Cinco grandes reformas del sistema financiero español -acompañadas de 13 decretos ley relativos al mismo desde el inicio de la crisis- no han bastado para evitar que, al final, Europa haya tenido que salir en su rescate con la nada desdeñable suma de 100.000 millones de euros. Ahora llega el momento de 'limpiar' y sanear definitivamente. Es la última oportunidad.
En el sistema financiero español se da la paradoja de que existen entidades colocadas en el primer lugar de Europa, como el grupo Santander, y otras de las que en Bruselas piden su cierre definitivo. Los errores, coinciden todos los expertos, se centran en las cajas de ahorros y su dependencia política, cuyos excesos han traído gran parte de estos lodos.

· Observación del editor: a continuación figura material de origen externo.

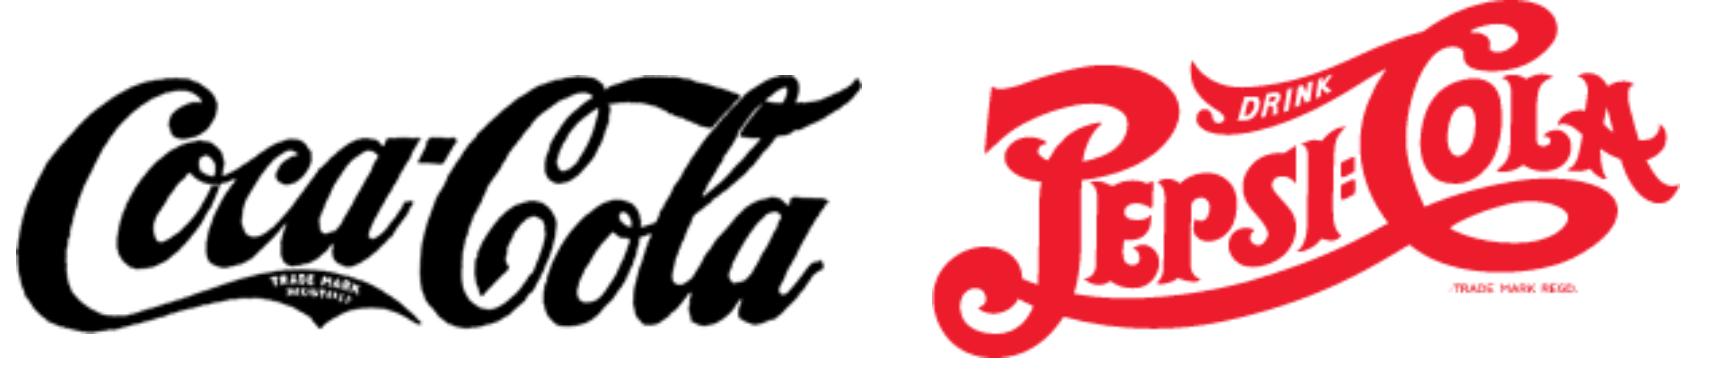 Coca-cola and Pepsi logos in 1905-1906
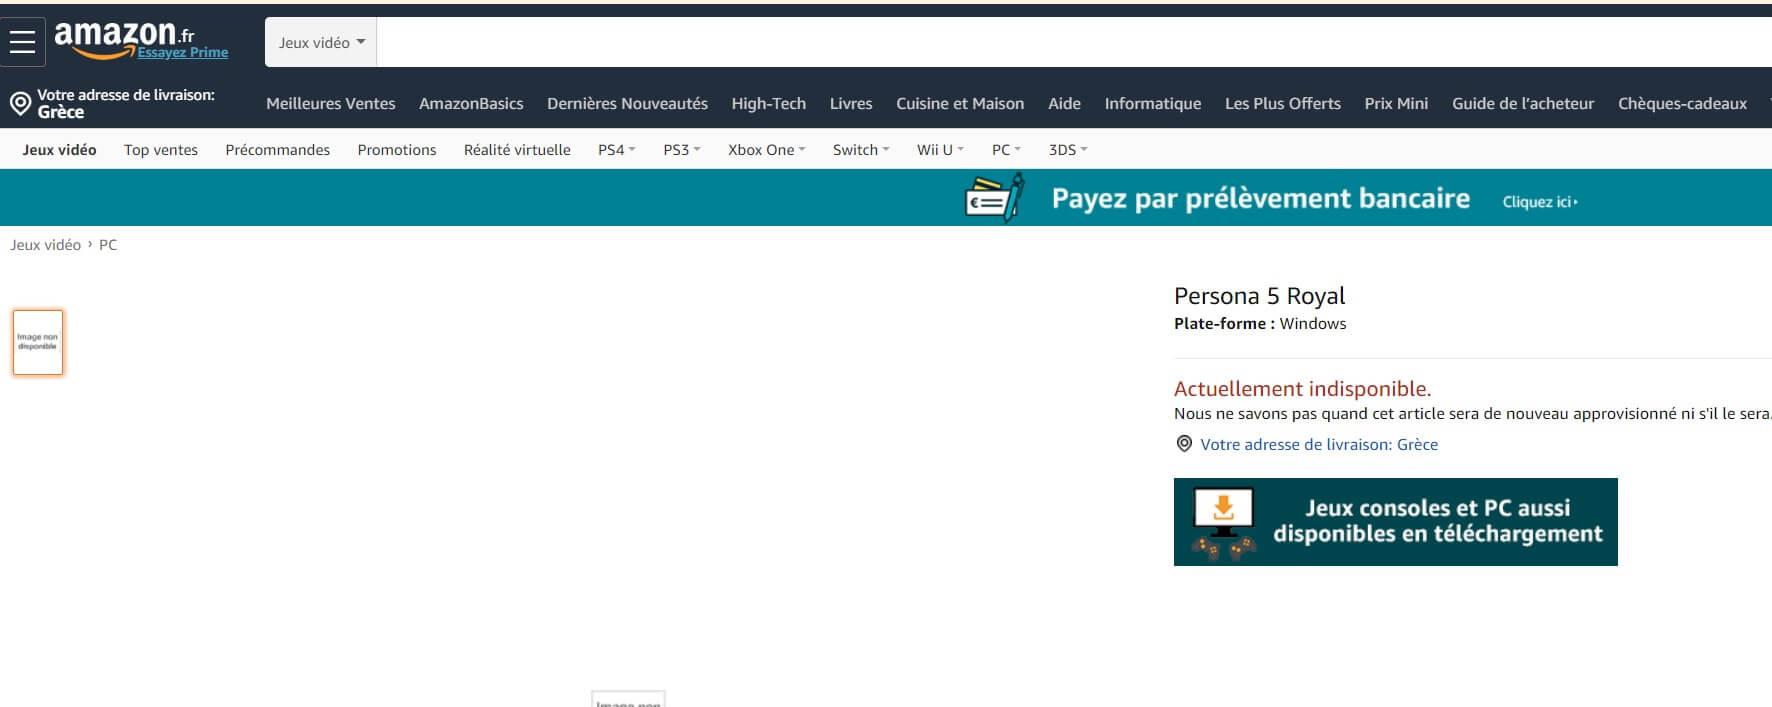 Amazon تسرد فرنسا أيضًا Persona 5 Royal للكمبيوتر الشخصي 1

Así las cosas, economistas y expertos financieros como el profesor del IESE Juan José Toribio sostienen con rotundidad que la única salida «inevitable» era el rescate; de lo contrario, la situación hubiera sido «catastrófica». A partir de ahora, se emprende un último ajuste de balances. A principios de septiembre -se esperaba antes de finalizar este mes, pero se dio una prórroga- conoceremos el resultado de las auditorías sobre las cifras exactas y las entidades que necesitarán ser rescatadas.
En principio, la primera partida que envía Bruselas es de 30.000 millones y ya se sabe que Bankia encabeza la lista. El mecanismo previsto por el Eurogrupo es que ese dinero se distribuya a través del Fondo de Reestructuración Ordenada Bancaria (FROB). No obstante, aún está por determinar si será deuda pública española o un préstamo directo a las entidades en dificultades.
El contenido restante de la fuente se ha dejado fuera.